Multiplying two 24 bit posits in 8-bit Avr for instance. No models have succeeded yet, but usually because they try and put more than 8 bits into a register. Algorithmically it seems like they are on the right track but they don't seem to be able to hold the idea that registers are only 8-bits through the entirety of their response.
Something along the lines of
Can you generate 8-bit AVR assembly code to multiply two 24 bit posit numbers
You get some pretty funny results from the models that have no idea what a posit is. It's usually pretty clear to tell if they know what they are supposed to be doing. I haven't had a success yet (haven't tried for a while though). Some of them have come pretty close, but usually it's the trying to squeeze more than 8 bits of data into a register is what brings them down.
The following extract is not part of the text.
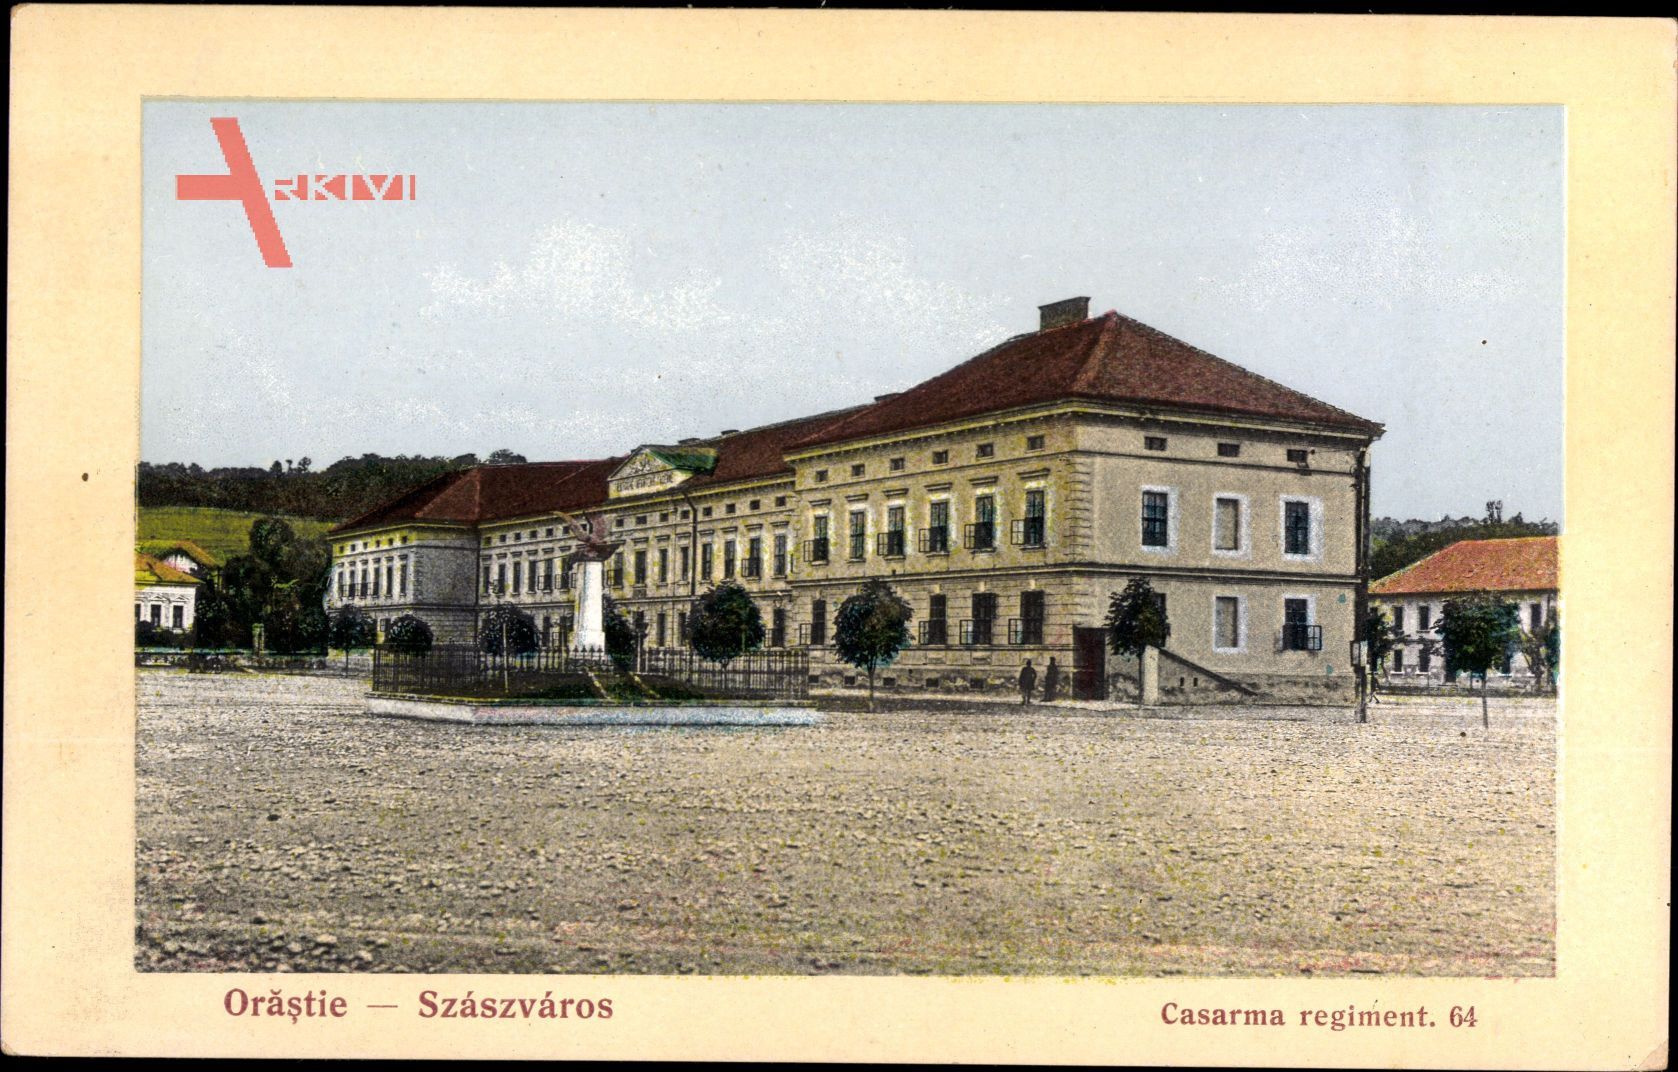 Orăștie Szászváros Rumänien, Casarma regiment 64
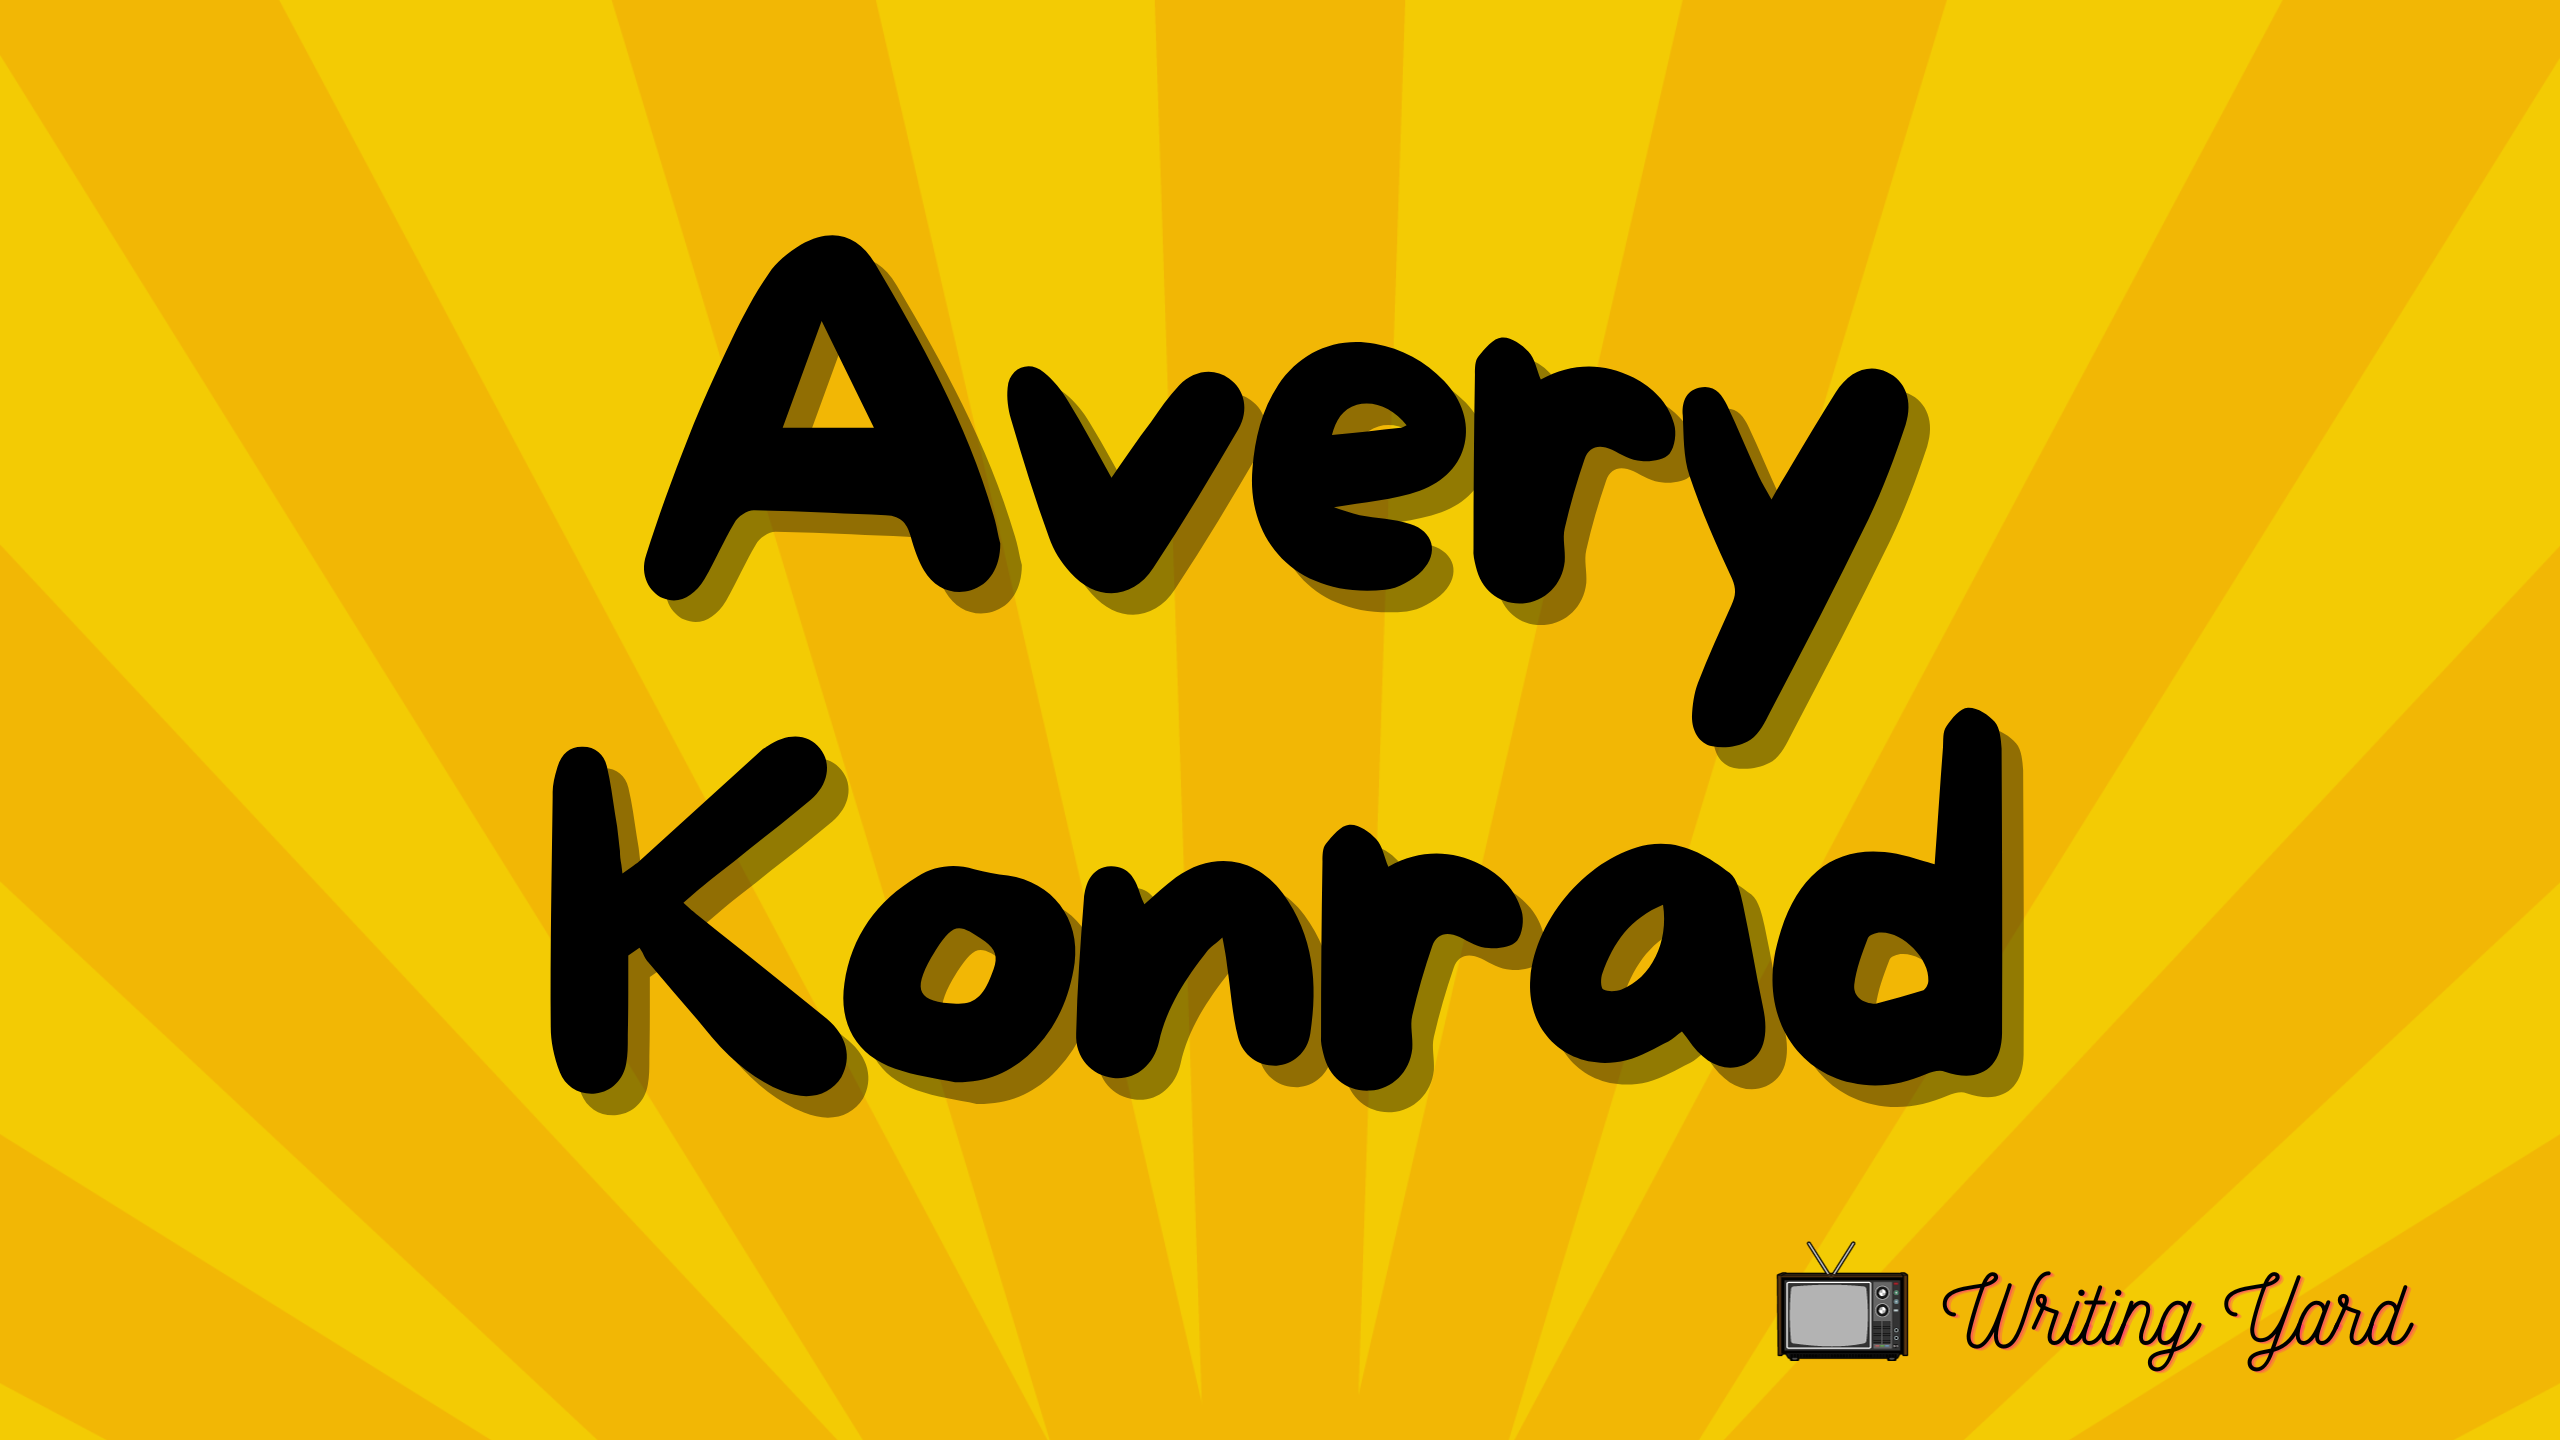 Avery Konrad

One thing you learn quickly about working with LLMs if they have these kind of baked-in biases, some of which are very fixed and tied to their very limited ability to engage in novel reasoning (cc François Chollet), while others are far more loosely held/correctable. If it sticks with the errant patten, even when provided the proper context, it probably isn’t something an off-the-shelf model can handle.
LLMs are nothing more than rubber ducking in game dev. The code they generate is often useful as a starting point or to lighten the mood because it's so bad you get a laugh. Beyond that it's broadly useless.
I put this down to the relatively small number of people who work in game dev resulting in relatively small number of blogs from which to "learn" game dev.
Game Dev is a conservative industry with a lot of magic sauce hidden inside companies for VERY good reasons.